The manufacture of a ceramic matrix composite (CMC) part typically includes laying up pre-impregnated composite fibers having a matrix material already present (prepreg) to form the geometry of the part (pre-form), autoclaving and burning out the pre-form, infiltrating the burned-out pre-form with the melting matrix material, and any machining or further treatments of the pre-form. Infiltrating the pre-form may include depositing the ceramic matrix out of a gas mixture, pyrolyzing a pre-ceramic polymer, chemically reacting elements, sintering, generally in the temperature range of 925 to 1650° C. (1700 to 3000° F.), or electrophoretically depositing a ceramic powder. With respect to turbine airfoils, the CMC may be located over a metal spar to form only the outer surface of the airfoil.
Examples of CMC materials include, but are not limited to, carbon-fiber-reinforced carbon (C/C), carbon-fiber-reinforced silicon carbide (C/SiC), silicon-carbide-fiber-reinforced silicon carbide (SiC/SiC), alumina-fiber-reinforced alumina (Al2O3/Al2O3), or combinations thereof. The CMC may have increased elongation, fracture toughness, thermal shock, dynamic load capability, and anisotropic properties as compared to a monolithic ceramic structure.

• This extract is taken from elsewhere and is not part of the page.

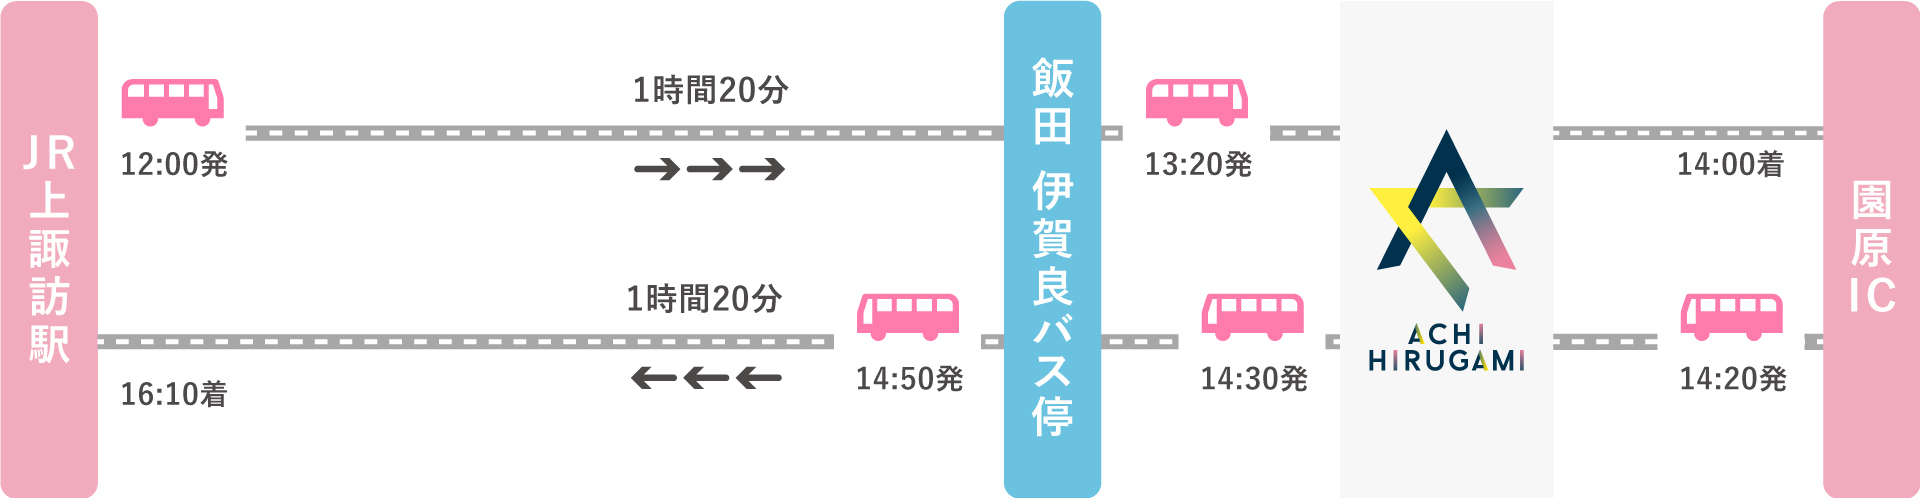 JR中津川駅と昼神温泉の直行バス

Conventional CMC blades typically only include one dovetail, which has two opposing pressure faces that contact the rotor tangs. As a result, the area that is required on each pressure face is high, and the fillet from the airfoil that transitions to these pressure faces may be large. If the fillet and pressure faces are large enough, the reduction in total rotor circumferential tang length may be reduced to a point at which the rotor is compromised. Additionally, it would be preferable for the fillet and neck region of the composite blade to be larger in order to maintain safe operation and reduced interlaminar tension generally seen in the neck region. CMC blades are highly orthotropic, and bending from the dovetail pressure contact faces induces a moment that attempts to pry the plies apart in the neck region perpendicular to the radial loading direction.
A lower flank angle on the CMC dovetail increases fillet and interlaminar tension (ILT) stresses and increases wear concerns due to a higher normal force, but there is a risk of lock up for higher flank angles.